The critical F-value is 0.0698


#### Q3. Write a Python program that generates random samples from two normal distributions with known variances and uses an F-test to determine if the variances are equal. The program should output the F-value, degrees of freedom, and p-value for the test.

In [3]:
import numpy as np
from scipy.stats import f

# Set random seed for reproducibility
np.random.seed(123)

# Generate random samples
n1, n2 = 50, 75  # sample sizes
mu1, mu2 = 10, 10  # means
var1, var2 = 4, 6  # known variances
data1 = np.random.normal(mu1, np.sqrt(var1), n1)
data2 = np.random.normal(mu2, np.sqrt(var2), n2)

# Calculate F-statistic and p-value
f_stat = np.var(data1, ddof=1) / np.var(data2, ddof=1)
df1, df2 = n1 - 1, n2 - 1
p_val = 2 * min(f.cdf(f_stat, df1, df2), 1 - f.cdf(f_stat, df1, df2))

# Output results
print("F-value:", f_stat)
print("Degrees of freedom:", df1, ",", df2)
print("p-value:", p_val)


F-value: 0.7792593732703956
Degrees of freedom: 49 , 74
p-value: 0.35403562472938904


#### Q4.The variances of two populations are known to be 10 and 15. A sample of 12 observations is taken from each population. Conduct an F-test at the 5% significance level to determine if the variances are significantly different.

Ans - Given,

Sample size from population 1 (n1) = 12
Sample size from population 2 (n2) = 12
Variance of population 1 (s1^2) = 10
Variance of population 2 (s2^2) = 15
Significance level (α) = 0.05
We can use an F-test to determine if the variances are significantly different.
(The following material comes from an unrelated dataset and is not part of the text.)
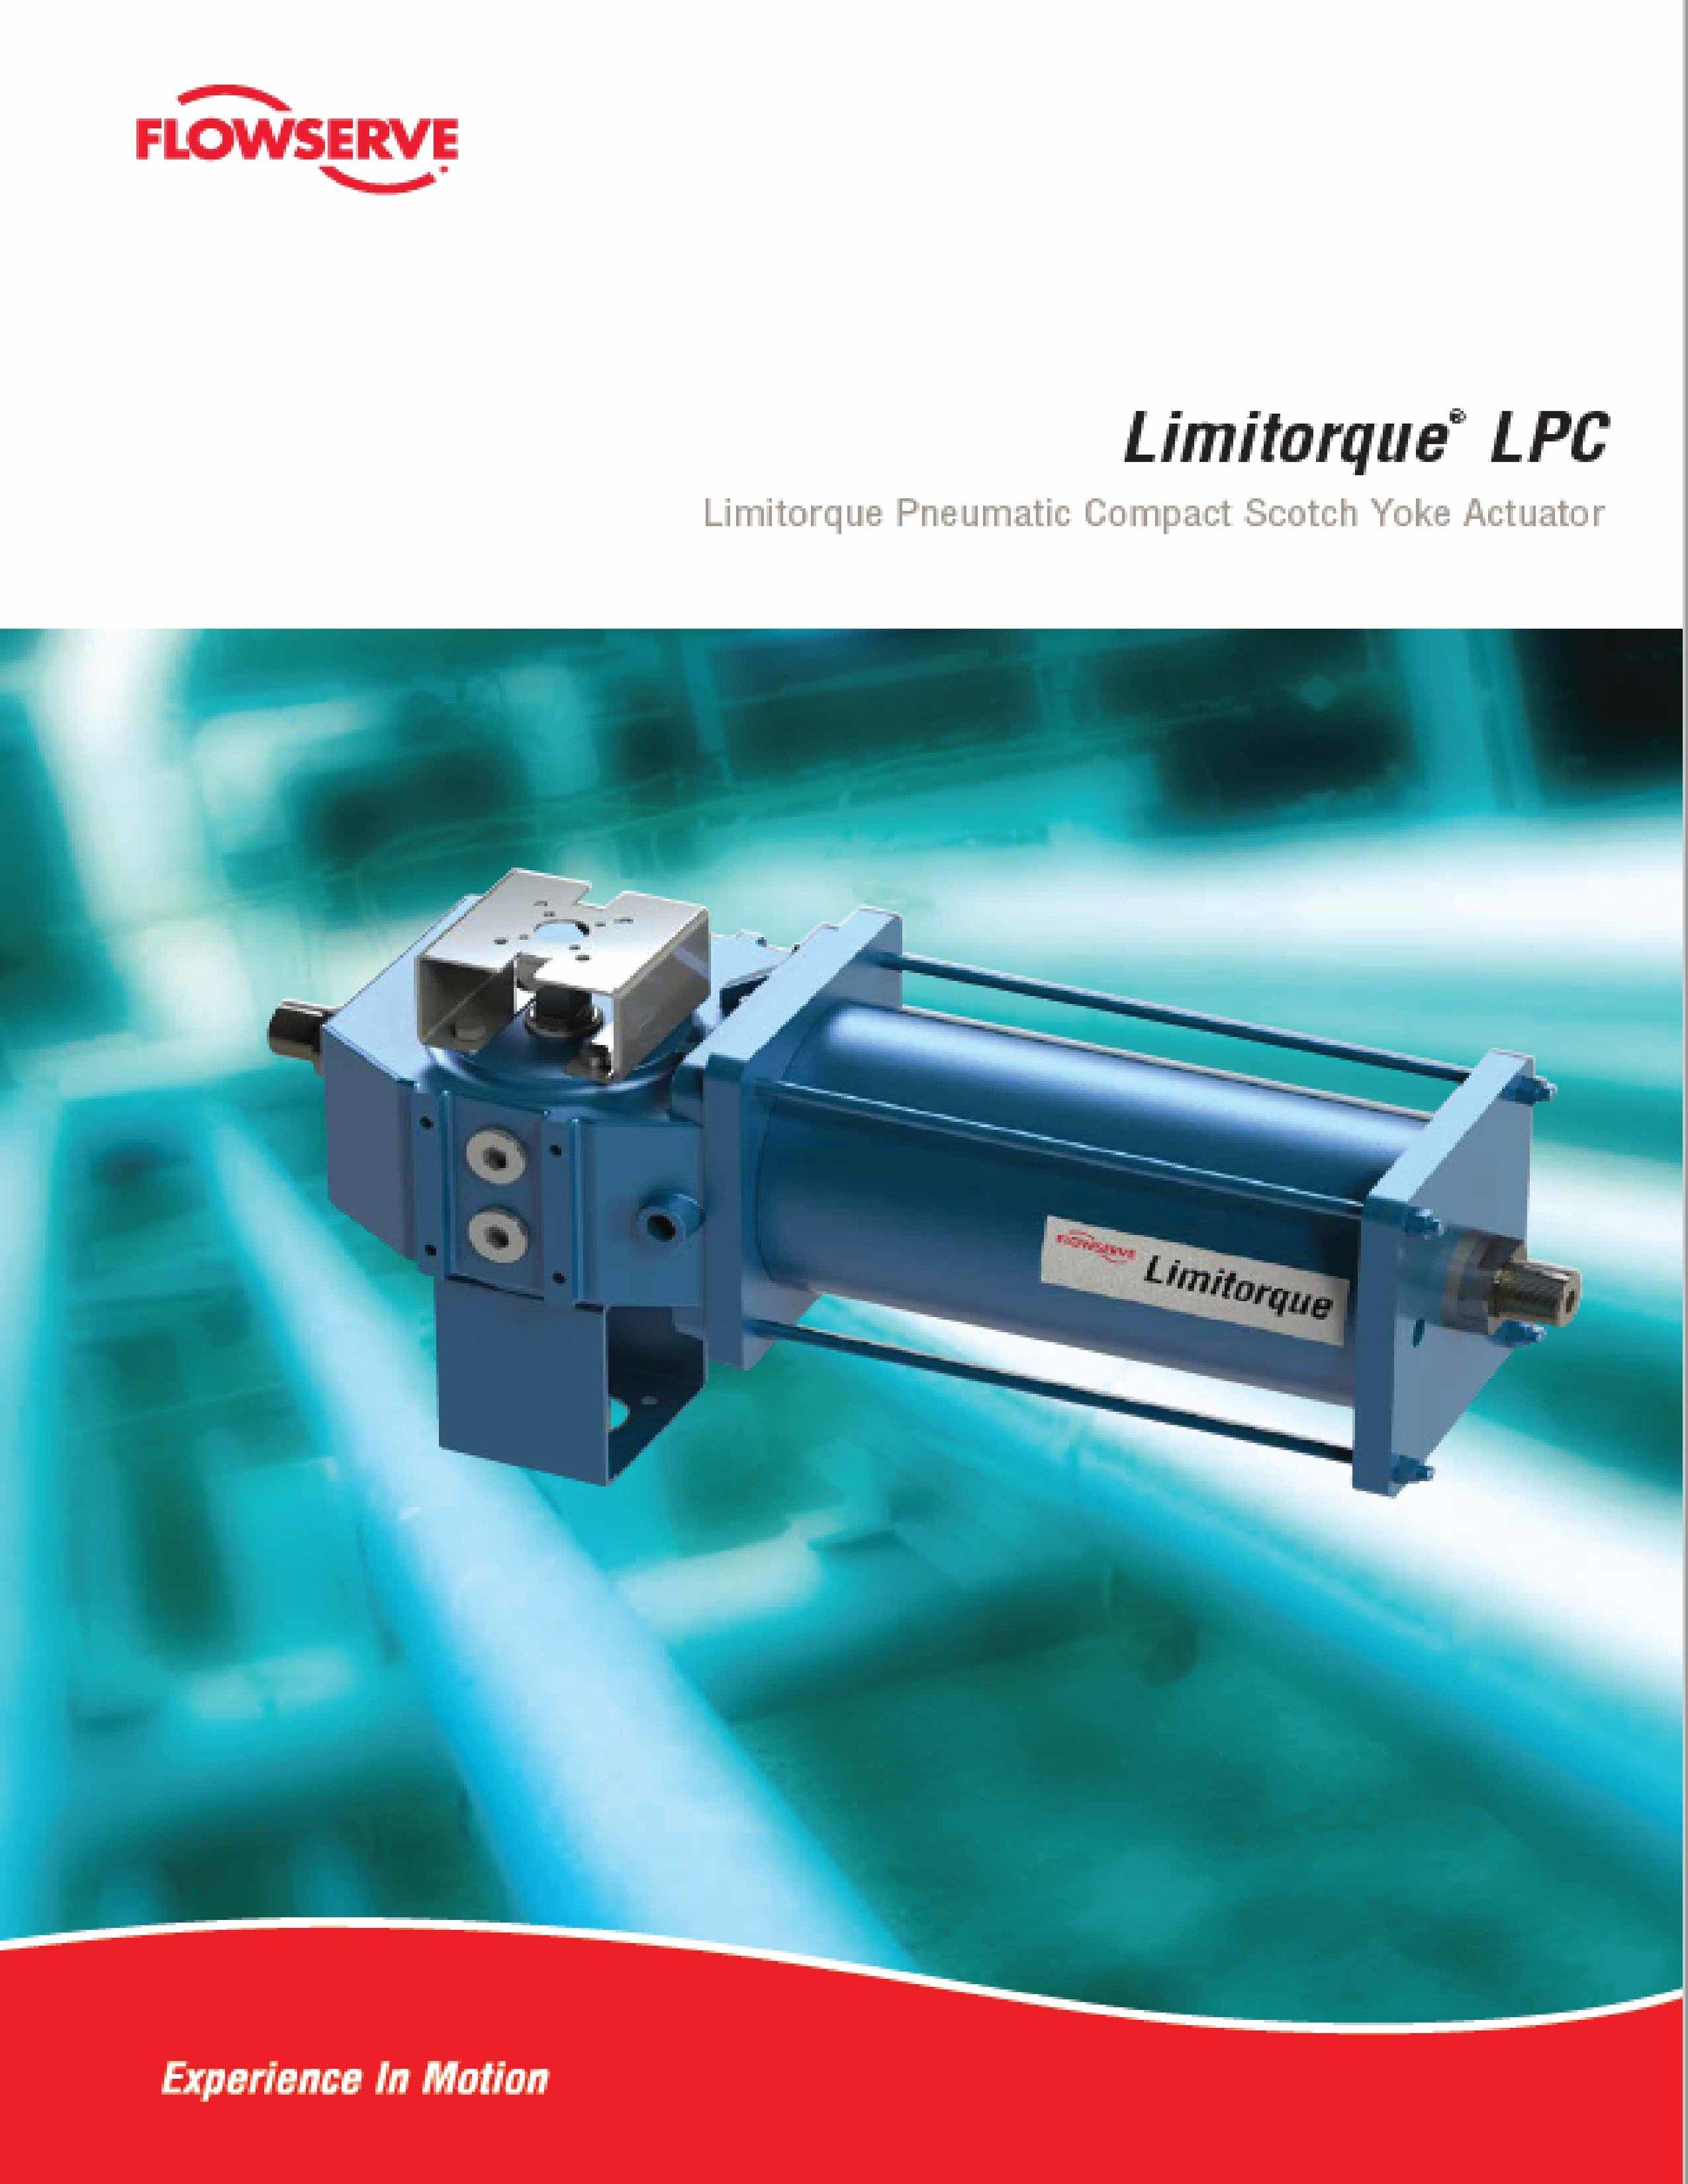 Limitorque_LPC_pneumatic-brochure-01.jpg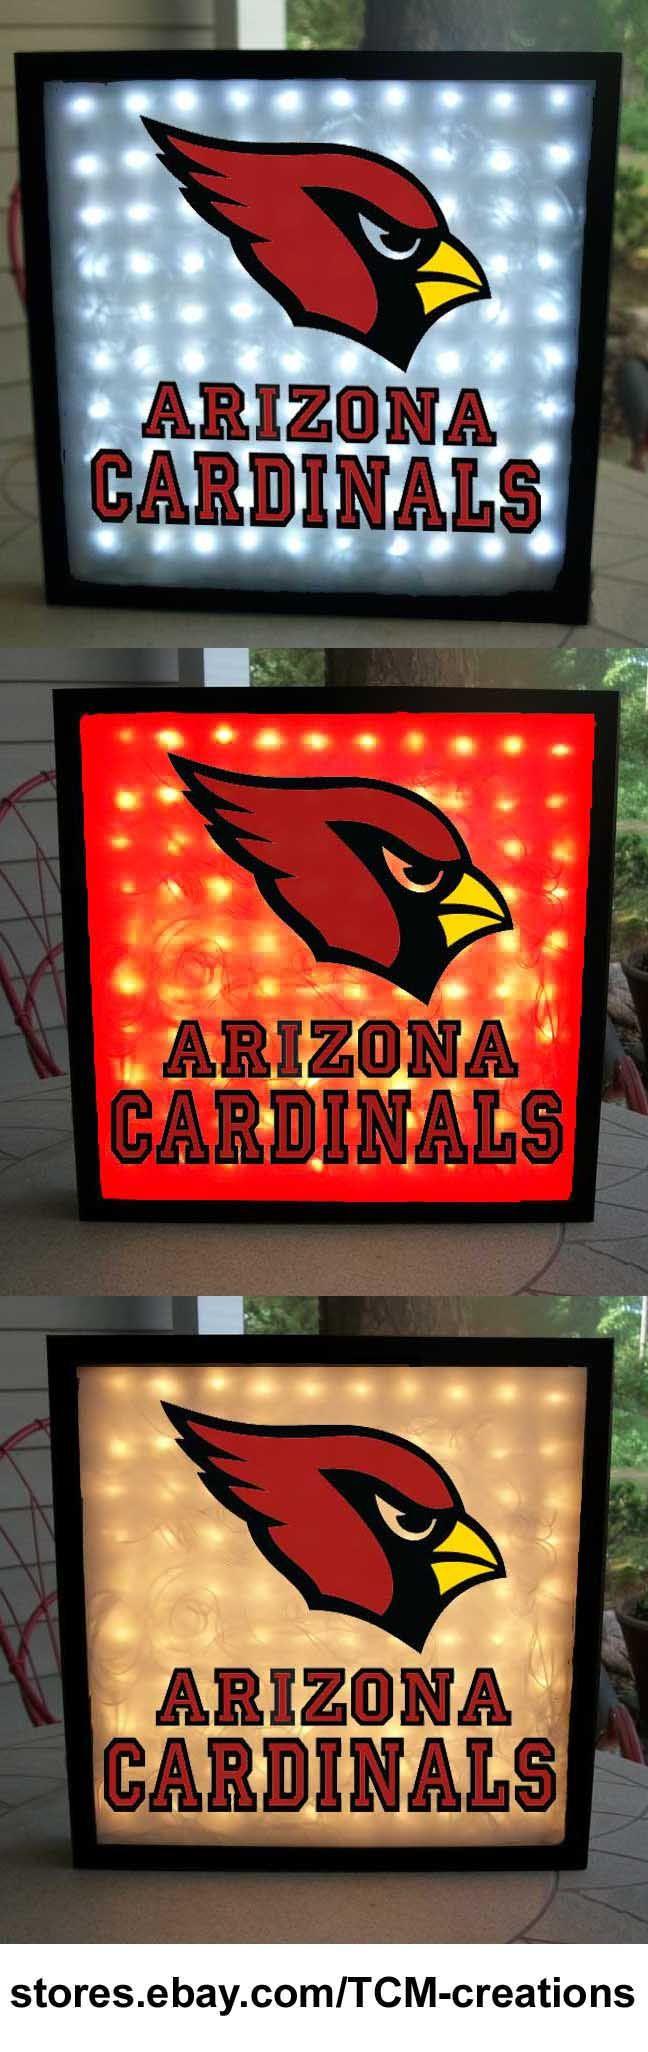 Arizona Cardinals shadow boxes with LED lighting.  NFL.

The null and alternative hypotheses for the F-test are:

H0: σ1^2 = σ2^2 (The variances are equal)
Ha: σ1^2 ≠ σ2^2 (The variances are not equal)
The F-statistic can be calculated using the formula:

F = s1^2/s2^2

Under the null hypothesis, the F-statistic follows an F-distribution with degrees of freedom (df1, df2), where df1 = n1 - 1 and df2 = n2 - 1.

To find the critical F-value for a two-tailed test with α = 0.05 and df1 = 11 and df2 = 11, we can use the scipy.stats module in Python:

In [4]:
import scipy.stats as stats

alpha = 0.05
df1 = 11
df2 = 11
crit_val = stats.f.ppf(alpha/2, df1, df2)
s1_sq = 10
s2_sq = 15
F = s1_sq/s2_sq
if F < crit_val or F > 1/crit_val:
    print("Reject the null hypothesis")
else:
    print("Fail to reject the null hypothesis")


Fail to reject the null hypothesis


#### Q5. A manufacturer claims that the variance of the diameter of a certain product is 0.005. A sample of 25 products is taken, and the sample variance is found to be 0.006. Conduct an F-test at the 1% significance level to determine if the claim is justified.

Ans - To conduct the F-test, we can use the following hypotheses:

Null hypothesis: The population variance of the diameter of the product is equal to 0.005.
Alternative hypothesis: The population variance of the diameter of the product is not equal to 0.005.

We can use the F-test formula to calculate the test statistic:

F = s2 / σ2

where s2 is the sample variance and σ2 is the population variance.

For this problem, we have:

s2 = 0.006
σ2 = 0.005
n = 25

So, the F-value can be calculated as:

F = s2 / σ2 = 0.006 / 0.005 = 1.2

To determine if this F-value is significant at the 1% significance level, we need to find the critical F-value. Since we have a one-tailed test (the alternative hypothesis is "not equal"), we need to find the critical values for both tails.

Using a calculator or a table, we find that the critical F-values are 0.368 and 3.846 for a degrees of freedom of 24 and 1% significance level.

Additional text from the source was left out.